Young Pilot Made Australian Aviation History

For a brief period in the 1900s, New Zealander JJ Hammond gave a small Australian suburb in Melbourne a significant place in the annals of aviation history.

Hammond, a young man with a passion for flying machines, came to the then rural Altona in 1911 with his Bristol Boxkite biplane, as the base for a series of thrilling airborne endeavours.

In his first feat, in February 1911, Hammond took off from Altona, and landed in Geelong 55 minutes later.

In doing so, he completed the first town-to-town flight in Australia.

Three days later, the 20-year-old adventurer, described in a newspaper article at the time as “a tall, clean-shaven, athletic-looking man, with fearless eyes”, undertook the first powered passenger flight in Australia, taking his ever-obliging wife on a 12-minute journey in the skies above Melbourne – three years after the Wright brothers completed the same feat.
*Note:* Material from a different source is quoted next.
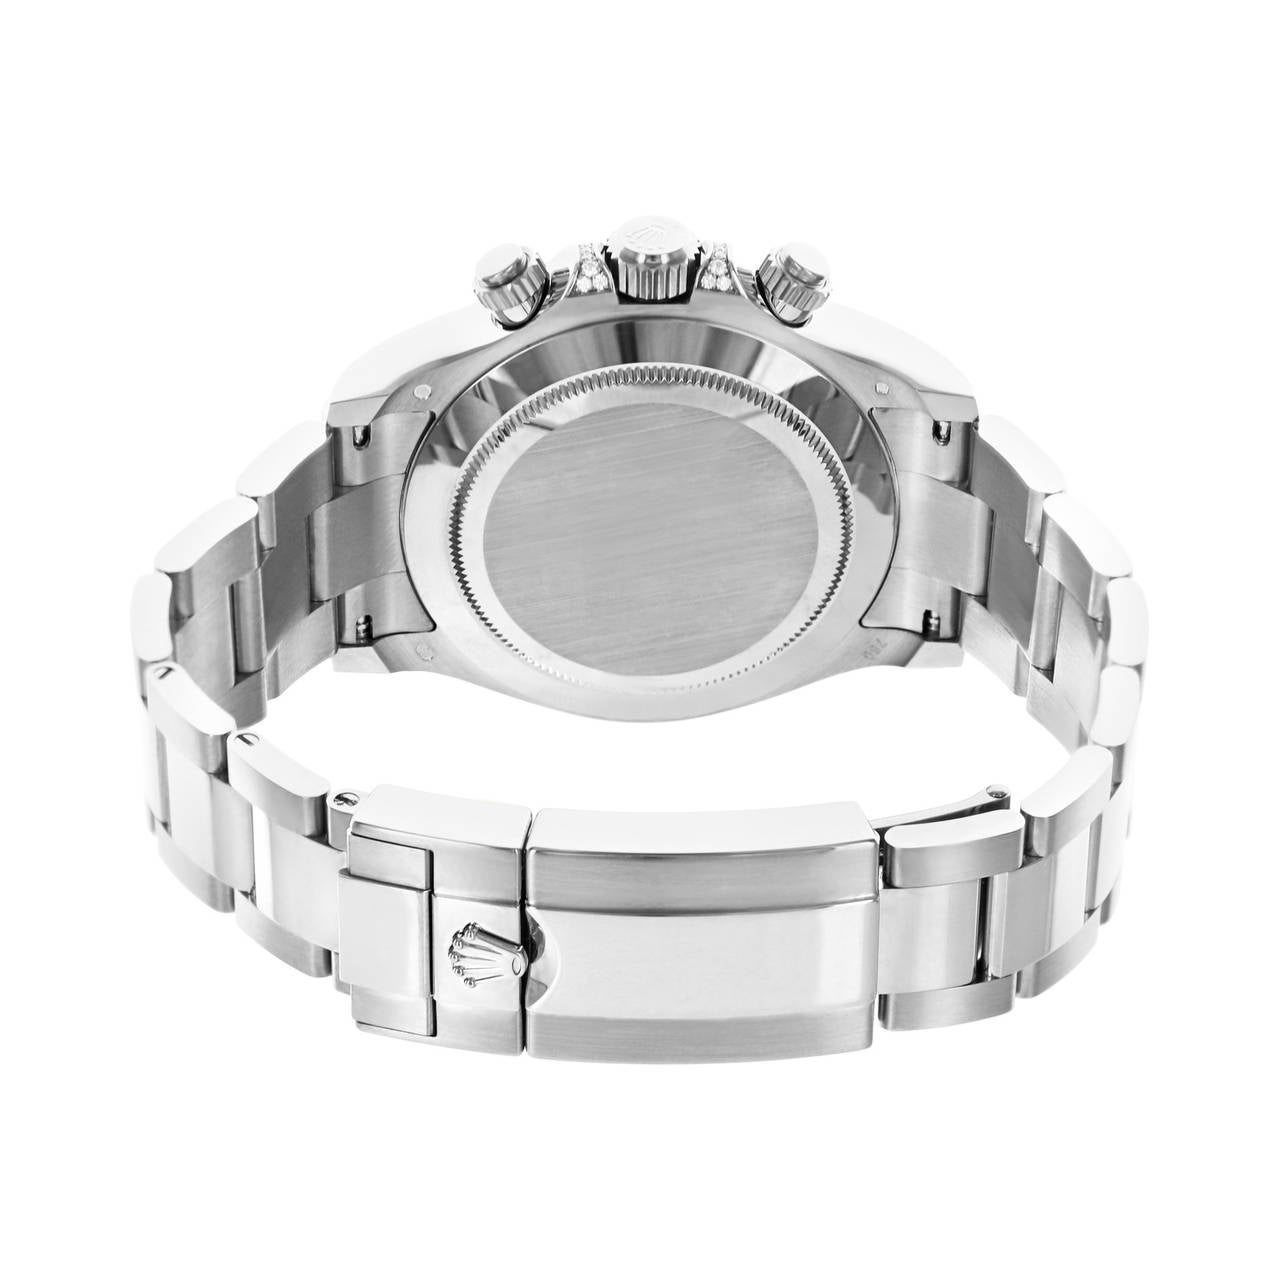 Rolex White Gold Daytona Rainbow Chronometer Wristwatch Ref 116599 4

Originally a farmer before the flying bug took hold, Hammond kept his biplane “under a tent” in Pier St and legend has it his first flight was delayed after the plane hit a cow during takeoff.

Joseph Joel “Joe” Hammond was born in New Zealand in 1886, flew with the RFC in WWI. He was killed in a flying accident in 1918 in the United States.

Original article by Tamara Heath, Hobsons Bay Leader, July 13, 2014.

Photo from the collections of the Mitchell Library, State Library of New South Wales.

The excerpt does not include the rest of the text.